Ziele teilweise übertroffen Ceratizit macht Fortschritte bei der Nachhaltigkeitsstrategie

Quelle: Ceratizit 2 min Lesedauer

Ceratizit hat bei der Umsetzung seiner Nachhaltigkeitsstrategie bedeutende Fortschritte erzielt. Im Rahmen der AMB wurden die wichtigsten Leistungsindikatoren vorgestellt.

Die ProACT-Mill-Fräser wurdem auf Basis des nachhaltigeren upGRADE-Hartmetalls CT-GS20Y entwickelt.(Bild: Ceratizit)
Die ProACT-Mill-Fräser wurdem auf Basis des nachhaltigeren upGRADE-Hartmetalls CT-GS20Y entwickelt.
(Bild: Ceratizit)

Der kürzlich veröffentlichte Nachhaltigkeitsbericht der Plansee Group, zu der auch Ceratizit gehört, zeigt, dass die gesteckten Ziele teilweise übertroffen wurden. Die Nachhaltigkeitsstrategie von Ceratizit konzentriert sich auf vier zentrale Bereiche: nachhaltige Produkt- und Technologieinnovation, Material- und Ressourceneffizienz in der Produktion, attraktive Arbeitsbedingungen sowie ökologische und soziale Aspekte in der Lieferkette.

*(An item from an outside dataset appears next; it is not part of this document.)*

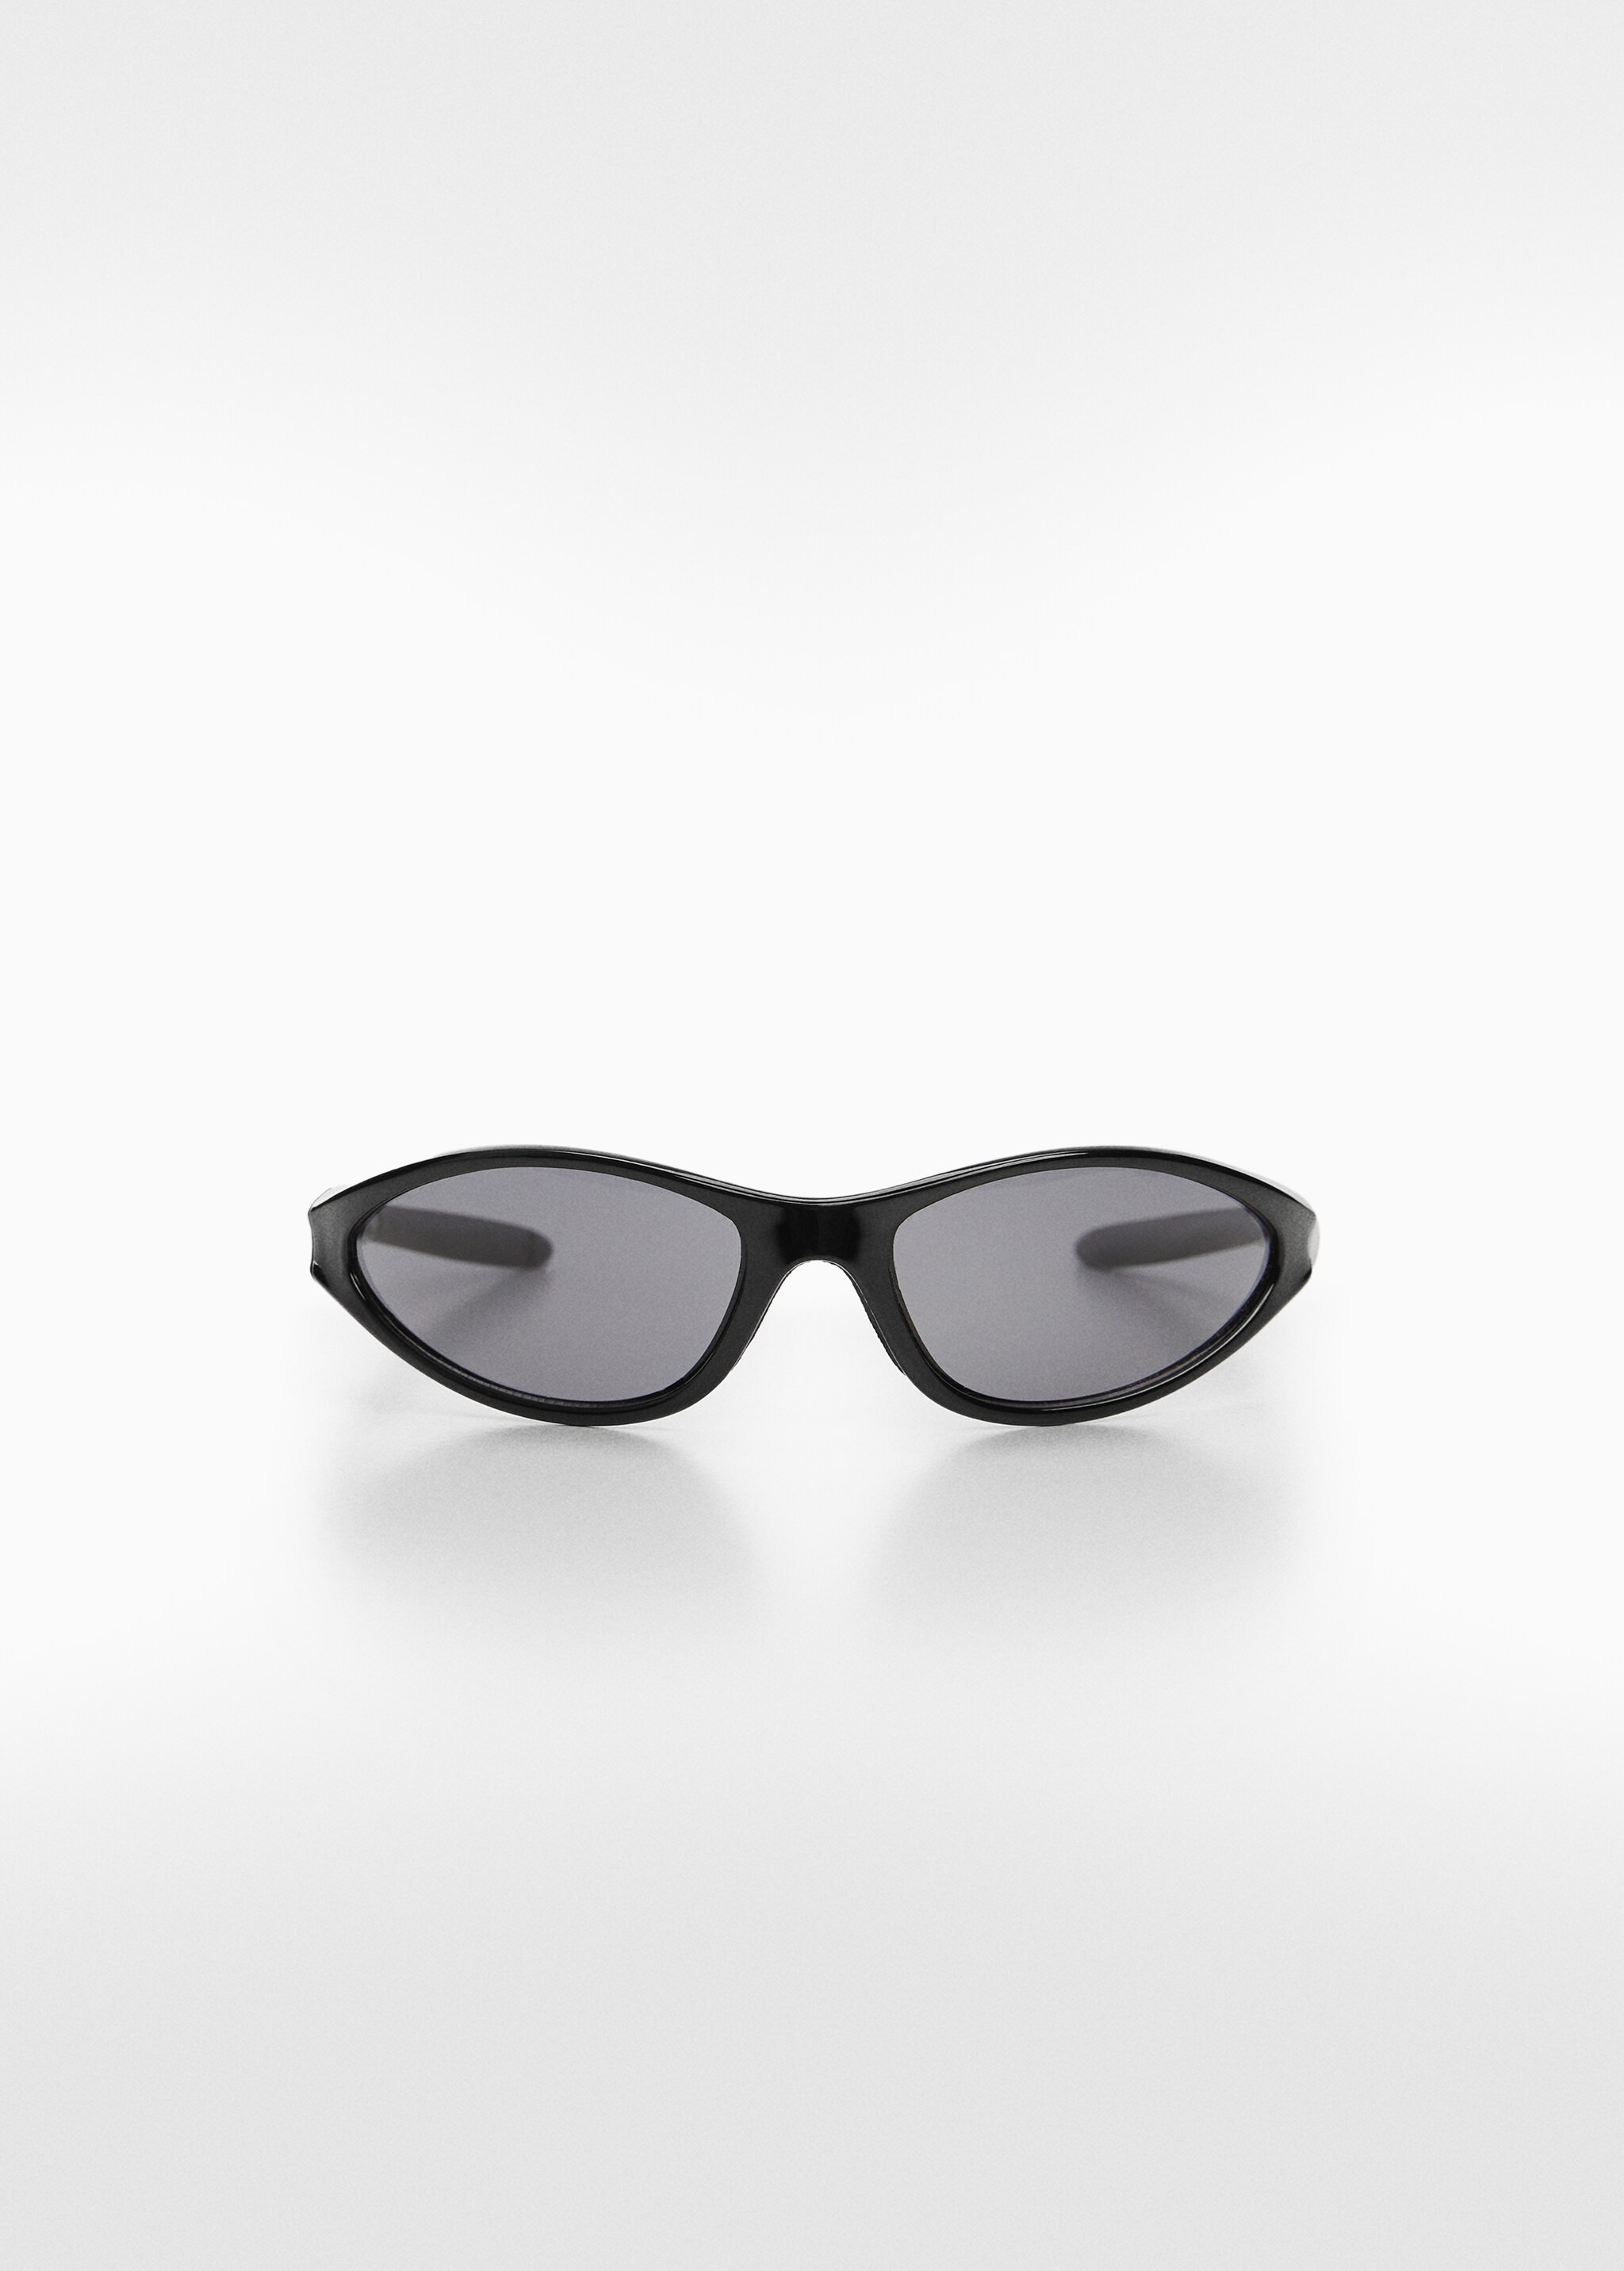 Sonnenbrille mit gebogenem Gestell - Artikel ohne Model

CO2-Fußabdruck um 22 Prozent gesenkt

Ein wichtiger Leistungsindikator in der ersten Phase ist der Corporate Carbon Footprint (CCF). Ceratizit konnte im Geschäftsjahr 2023 den CCF im Vergleich zum Basisjahr 2020 um 22 Prozent senken, von 201.449 Tonnen CO2e auf 156.988 Tonnen CO2e (Scope 1, 2 und 3). Damit ist das Unternehmen auf einem guten Weg, das Ziel einer Reduktion um 35 Prozent bis zum Geschäftsjahr 2025 zu erreichen.

Recyclingrate über den Zielen

Ein weiterer zentraler Leistungsindikator ist die Recyclingrate für den Hauptrohstoff Wolfram. Das Ziel von 90 Prozent wurde im Jahr 2023 sogar übertroffen, mit einer Recyclingrate von 95 Prozent. Andreas Lackner, Vorstandssprecher von Ceratizit, betont: „Wir konzentrieren uns in der Nachhaltigkeitsstrategie auf jene Bereiche, in denen wir mit der größten Wirkung Fortschritte erzielen können. Wir wollen nicht nur nachhaltiger werden, sondern auch Vorreiter und Vorbild in unseren Branchen sein.“

Melissa Albeck, Vorstandsmitglied von Ceratizit, ergänzt: „Nachdem im ersten Schritt die Reduktion unseres CO2-Fußabdrucks und die Steigerung der Recyclingrate für Wolfram im Fokus standen, nehmen wir nun verstärkt auch die Themen attraktive Arbeitsbedingungen und ökologische und soziale Aspekte in der Lieferkette in den Blick.“ Basierend auf umfangreichen Befragungen bei Mitarbeitenden beziehungsweise Lieferanten wird Ceratizit in den kommenden Monaten verstärkt Maßnahmen ergreifen, um attraktive Arbeitsbedingungen zu gewährleisten und ökologische sowie soziale Aspekte entlang der Lieferkette sicherzustellen.

Fräser aus wiederaufbereitetem Hartmetallpulver

Der ProACT-Mill-Fräser bietet eine bis zu 30 Prozent höhere Standzeit.(Bild: Ceratizit)
Der ProACT-Mill-Fräser bietet eine bis zu 30 Prozent höhere Standzeit.
(Bild: Ceratizit)

Auf der AMB präsentierte Ceratizit zudem die ProACT-Mill-Fräser, die nicht nur eine bis zu 30 Prozent höhere Standzeit bieten, sondern auch auf Basis des nachhaltigeren upGRADE-Hartmetalls CT-GS20Y entwickelt wurden. Diese Hartmetallsorte zeichnet sich durch einen Anteil von über 99 Prozent wiederaufbereitetem Hartmetallpulver aus und schont damit wertvolle Rohstoffressourcen. Mit den ProACT-Mill-Produkten schließt Ceratizit den Kreislauf, der bei der Rohstoffversorgung mit dem Rückkauf und der Wiederaufbereitung verschlissener Hartmetallwerkzeuge beginnt und bis zu den fertigen Werkzeugen reicht. Das Unternehmen setzt damit ein Zeichen für eine nachhaltige und ressourcenschonende Produktion.